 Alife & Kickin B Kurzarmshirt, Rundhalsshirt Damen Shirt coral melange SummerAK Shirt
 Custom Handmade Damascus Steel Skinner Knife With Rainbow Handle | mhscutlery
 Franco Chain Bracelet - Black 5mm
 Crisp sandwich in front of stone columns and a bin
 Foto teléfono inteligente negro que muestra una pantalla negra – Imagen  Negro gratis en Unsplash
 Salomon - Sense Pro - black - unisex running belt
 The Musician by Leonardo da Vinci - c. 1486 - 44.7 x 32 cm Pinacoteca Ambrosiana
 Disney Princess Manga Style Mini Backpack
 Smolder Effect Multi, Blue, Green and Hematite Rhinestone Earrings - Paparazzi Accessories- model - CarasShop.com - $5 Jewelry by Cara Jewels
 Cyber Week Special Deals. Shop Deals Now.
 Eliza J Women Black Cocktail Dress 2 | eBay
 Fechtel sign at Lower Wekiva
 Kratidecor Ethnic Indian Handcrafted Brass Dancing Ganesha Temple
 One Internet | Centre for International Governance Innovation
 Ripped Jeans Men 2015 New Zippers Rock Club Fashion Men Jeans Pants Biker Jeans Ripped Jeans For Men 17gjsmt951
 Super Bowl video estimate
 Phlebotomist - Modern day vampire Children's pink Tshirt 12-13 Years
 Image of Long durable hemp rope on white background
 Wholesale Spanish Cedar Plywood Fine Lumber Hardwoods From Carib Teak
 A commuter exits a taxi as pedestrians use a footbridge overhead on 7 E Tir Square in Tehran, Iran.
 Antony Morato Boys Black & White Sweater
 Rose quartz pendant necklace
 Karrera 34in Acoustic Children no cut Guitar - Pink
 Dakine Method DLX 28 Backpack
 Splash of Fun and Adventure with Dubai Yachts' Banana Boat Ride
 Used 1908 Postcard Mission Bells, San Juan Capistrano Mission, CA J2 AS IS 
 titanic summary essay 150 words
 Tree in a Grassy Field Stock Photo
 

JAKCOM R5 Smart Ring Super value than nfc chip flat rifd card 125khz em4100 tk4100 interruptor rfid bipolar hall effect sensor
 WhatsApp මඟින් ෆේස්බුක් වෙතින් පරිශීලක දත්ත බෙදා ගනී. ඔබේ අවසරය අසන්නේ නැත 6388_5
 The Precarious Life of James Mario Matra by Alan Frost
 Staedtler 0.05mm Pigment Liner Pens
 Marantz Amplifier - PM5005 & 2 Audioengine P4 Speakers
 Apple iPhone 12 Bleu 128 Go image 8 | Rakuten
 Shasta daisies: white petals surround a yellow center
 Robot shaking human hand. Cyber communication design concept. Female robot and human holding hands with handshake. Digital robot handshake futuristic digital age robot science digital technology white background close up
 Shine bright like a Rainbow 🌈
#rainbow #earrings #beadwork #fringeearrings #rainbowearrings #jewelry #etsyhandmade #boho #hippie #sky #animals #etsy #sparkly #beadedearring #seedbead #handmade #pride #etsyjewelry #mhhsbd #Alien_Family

■ Exercise instructions ■
Only lines with the word "Backpack" go in the answer. Take them all from the entries above.

■ Answer ■
 Disney Princess Manga Style Mini Backpack
 Dakine Method DLX 28 Backpack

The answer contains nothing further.